Ulusal sağ da ulusal sol gibi ülkenin dış politika üretmesini gerçekçi bulmuyor, politika üretiminde içeri ile sınırlı kalmayı, dışarıda ise uluslararası sistemle uyumlu çalışmayı gerçekçi buluyor. Bu görüş birçok kesimce ciddiye alınıyor, kabul görüyor, bu da onun için bir başarı ihtimali oluşturuyor.

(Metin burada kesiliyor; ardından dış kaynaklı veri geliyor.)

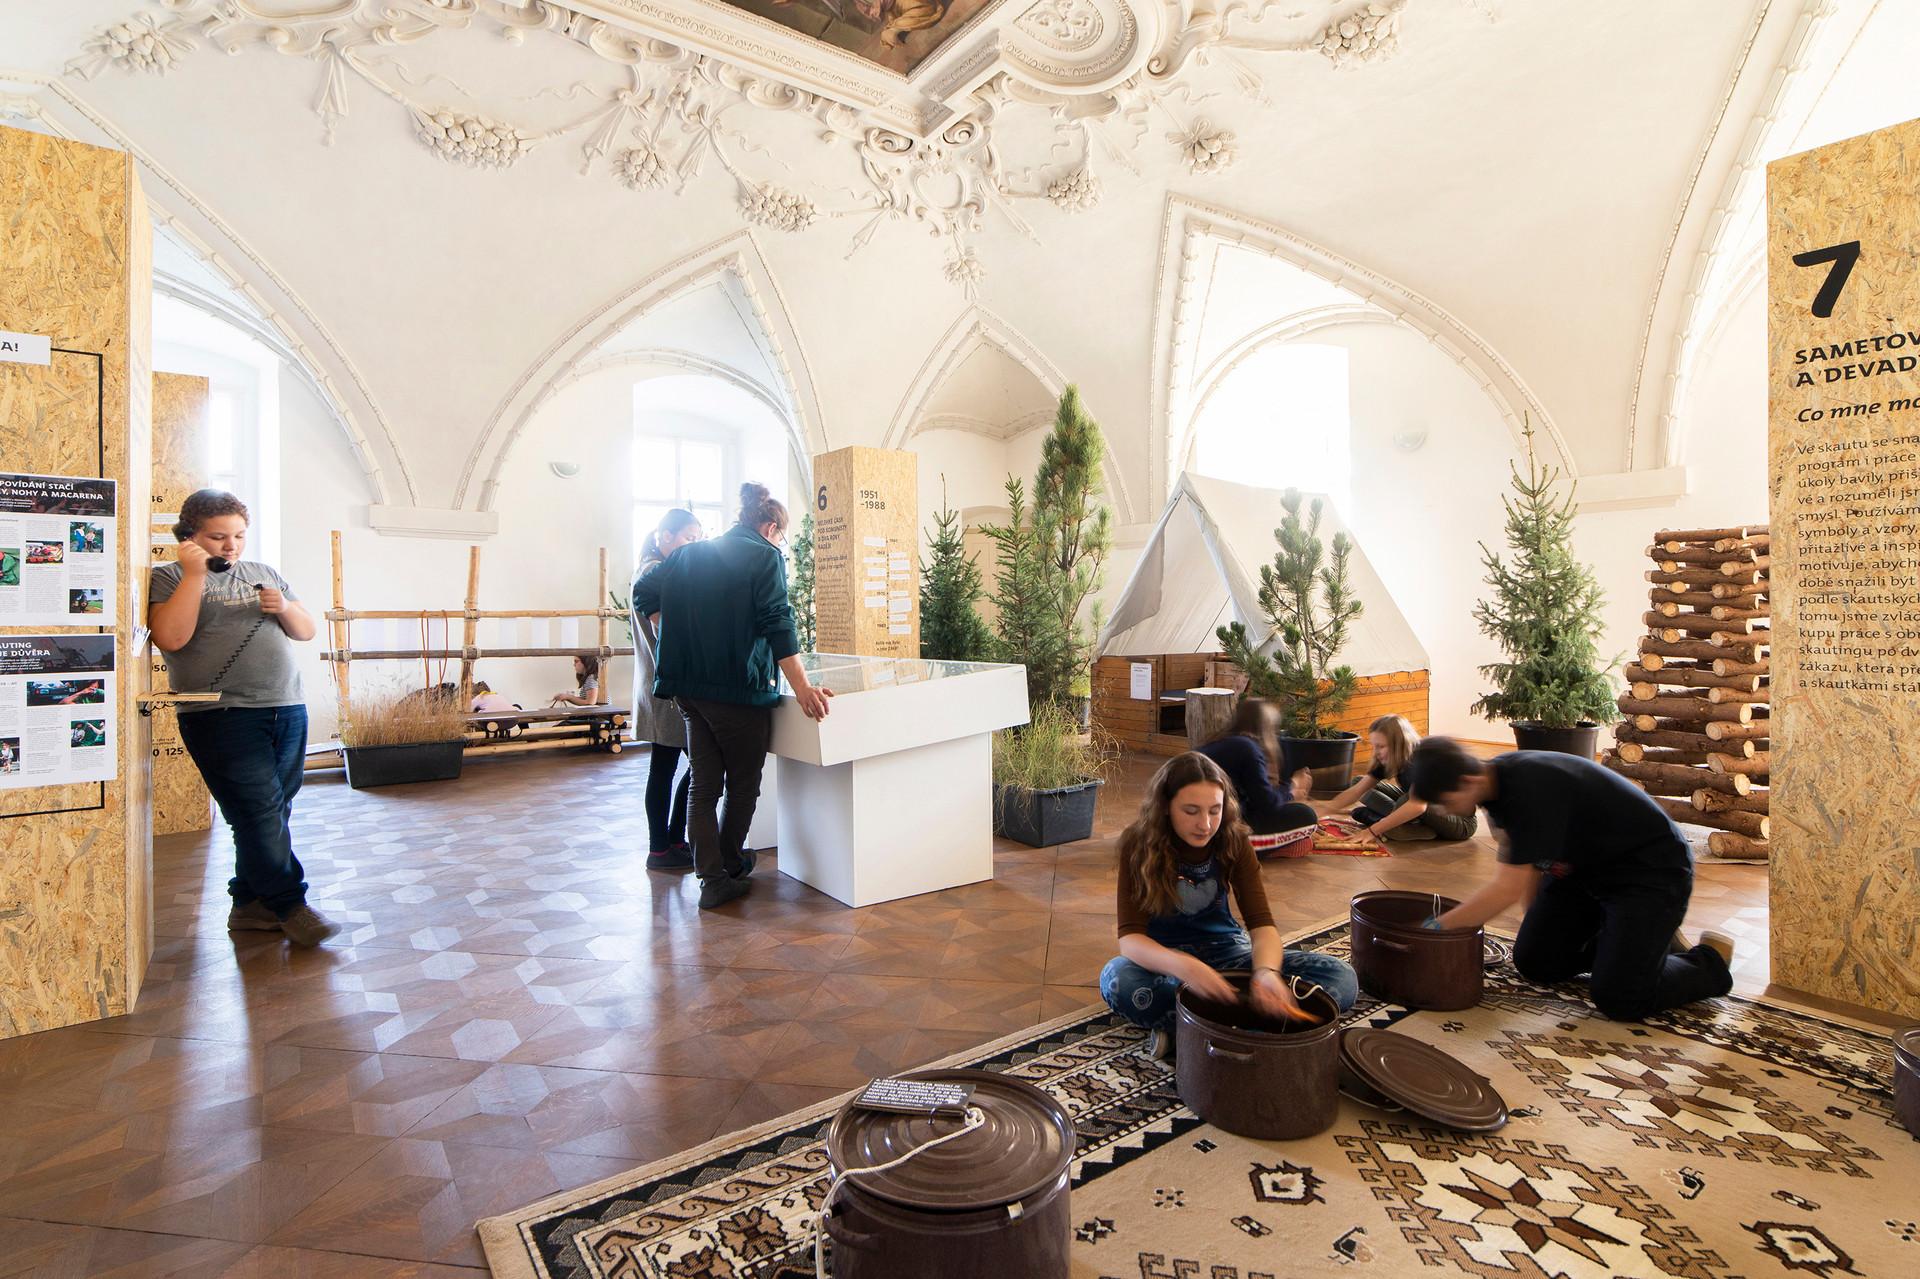 Instalation at the Holešov castle
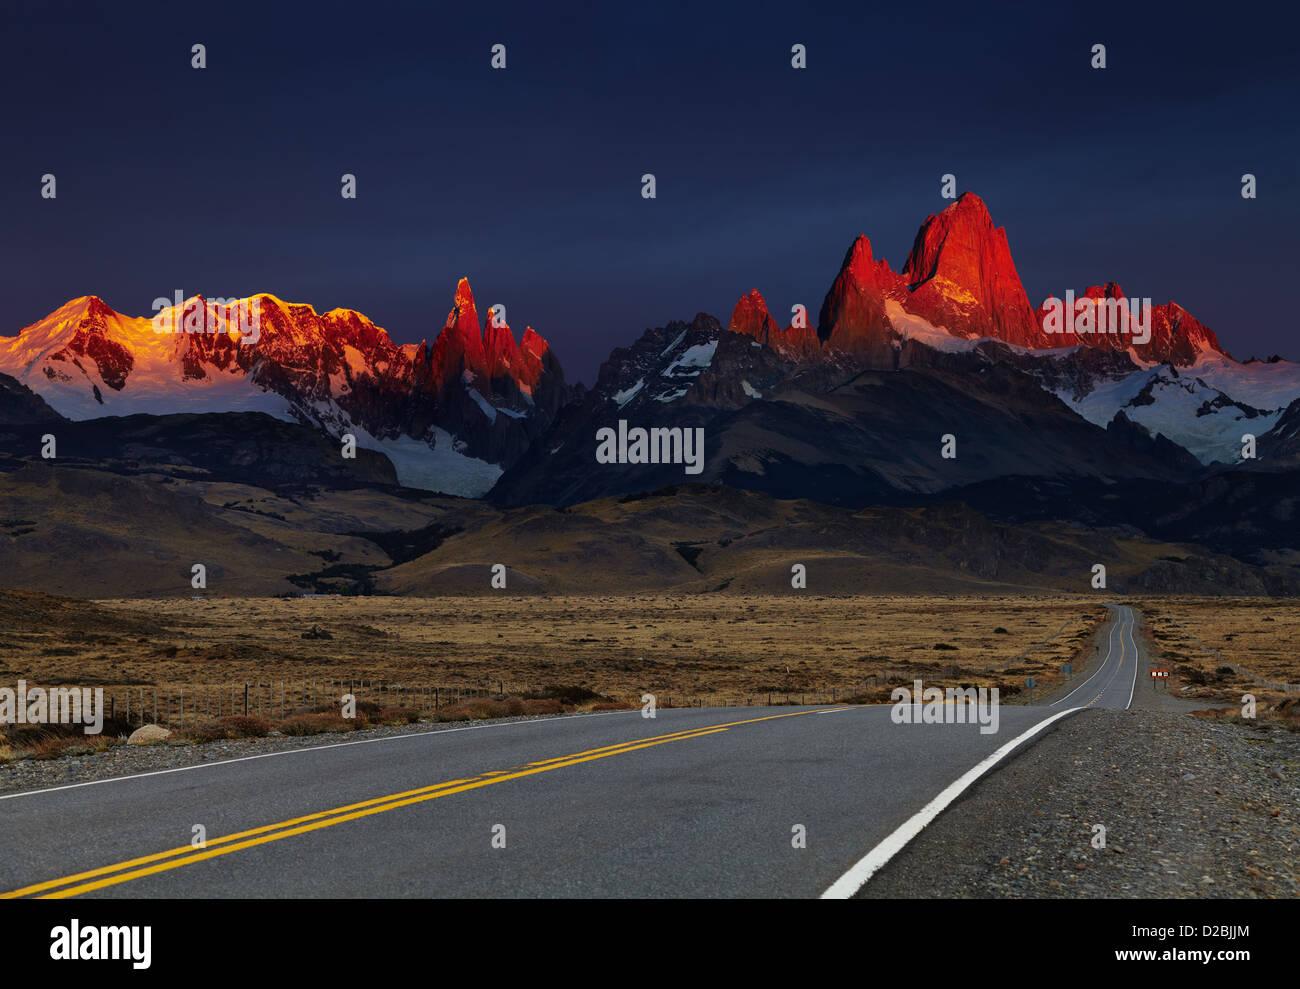 Mount Fitz Roy at sunrise, alpenglow. Los Glaciares National Park, Patagonia, Argentina - Stock Image

Ulusal sağ, ulusal solda olduğu gibi kendisini devlet bürokrasisine, iş çevrelerine ve kimi milliyetçi partilere “bağımlı milliyetçilik” teziyle kabul ettirmeye çalışıyor. Uluslararası sistemin dünyayı bir köy gibi yönetme çabası karşısında devletin varlığını ve bütünlüğünü koruma adına teslim olmayı öneriyor. Uluslararası sistem çok güçlü, onun karşısında durursak yok oluruz, devletimizi korumak ve ulusumuzu yaşatmak için onunla işbirliği yapmak zorundayız. Milli çıkarlarımız bunu gerektiriyor, buna karşı çıkmak gerçekçi değildir, tehlikelidir. Buna karşı “ümmet”, “milli onur”, “milli irade” gibi tezlerle öne çıkmak maceraperestliktir. Bu tezleri öne süren siyasiler kendileriyle birlikte bizi de tehlikeye atıyorlar, onları iş başından uzaklaştıralım; uluslararası sistem bizim hayat tarzımıza müdahale etmeyecek, biz de buna karşılık israil’e karşı mücadele veren yapıların yanında yer almayacağız, komşularımızla uluslararası sisteme alternatif diye anlaşılabilecek ilişki ve ittifak arayışları içinde olmayacağız. Biz, uluslararası sisteme karşı çıkmayacağız, o sistemin içinde kalarak ilerlemenin yolunu arayacağız, diyor.
Irak bunu yaşıyor, Saddam döneminin laik Şii kanadı korunuyor; onlar iktidarın bir parçası veya yedeği durumunda, bununla birlikte Maliki’nin liderliğinde Şii Dava partisi sisteme kitle sağlıyor.
Mısır’ın yaşadığı da bunun ta kendisidir. Eski Nasır ve Mübarek kalıntısı ulusal sol korunuyor, çağdaşçı çevreler sistemin içinde yer alıyor veya yedekte tutuluyor. Liberal çevrelere bir rol veriliyor; ancak bunlar Mısır’ı idare etmede yetersiz kaldıklarından Suudi bağlantısı üzerinden Selefiler bir kitle olarak rejimin içine çekiliyor ve devletin en üst makamı cumhurbaşkanlığı da Sisi’nin şahsında onlara veriliyor.
Türkiye’de yapılmak istenen de budur. Ulusal sağda bir lider görünmediği için liderlik ulusal sola veriliyor. Daha önce lideri esrarengiz bir şekilde katledilmiş bir küçük milliyetçi parti de bu denkleme ikna edilmeye çalışılıyor.
İslam dünyasının değişime açık ülkeleri, değişime kapatılan ülkelerine benzetiliyor. Müslümanların değişimle rahat bir nefes almasına izin verilmiyor.